當小敏男朋友找到林家門口,剛好撞上林平升從公司回來,倆人争執了幾句,林平升明白過來發生了什麽,又被小敏男朋友找到機會推了把,再次高血壓中風倒在地上。
被送醫後,林平升這次卻沒有那麽幸運了,從急救室出來口鼻歪斜,右半邊身體癱瘓,竟是連話都說不出來,情況很不樂觀。醫生更是含蓄地表示,林平升以後很有可能要纏綿病榻,再也恢複不了。
林氏領頭羊倒下了,一時間群龍無首,衆人紛紛結伴前來醫院圍觀,各個竊竊私語,或幸災樂禍或同情可憐,衆生百态。确定林平升确實是不行了,公司召開了臨時會議,要選代理董事長。
但是林氏占股最多的是林平升,其他人都幾乎沒什麽太大差別,一時間各董事勾心鬥角拉幫結派,根本無心正事。
而林謹言作為林平升的兒子,接了好幾個來自林氏高層的騷擾電話。
但林謹言确實不怎麽關心林氏最後歸屬,如果不是老爺子也打了個電話給他。
“言言,那畢竟是林家這麽多年的心血,你媽當年也為了林氏奔走付出了很多,你看在爺爺的份上,回去穩住林氏吧。
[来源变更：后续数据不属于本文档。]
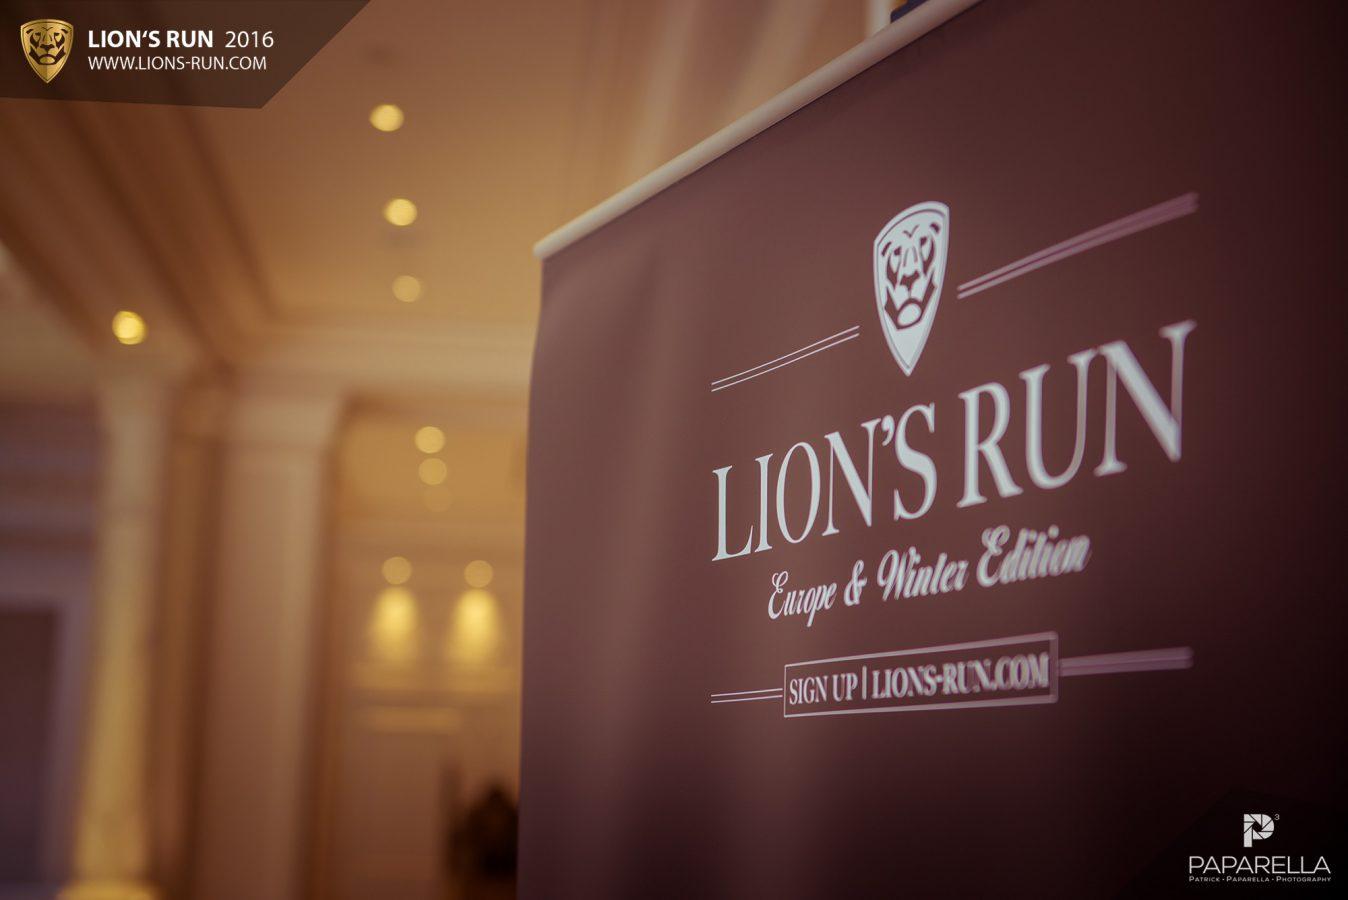 Lions_Run_summer_edition-2015_195

”
老爺子知道林謹言對林平升恨之入骨,半句不提林平升到底是他爹,只說徐韻當年也為了林氏付出過,林氏還是他當年打下來的基業,不能就這麽被外人給折騰倒了。
也虧得老爺子願意信任他,但林謹言還真沒那個心去力挽狂瀾。可老爺子電話裏姿态放得很低,對着孫子都這麽卑微,林謹言又于心不忍。在林平升的律師打來電話後,林謹言還是帶上顧旭給他派的律師,去了醫院。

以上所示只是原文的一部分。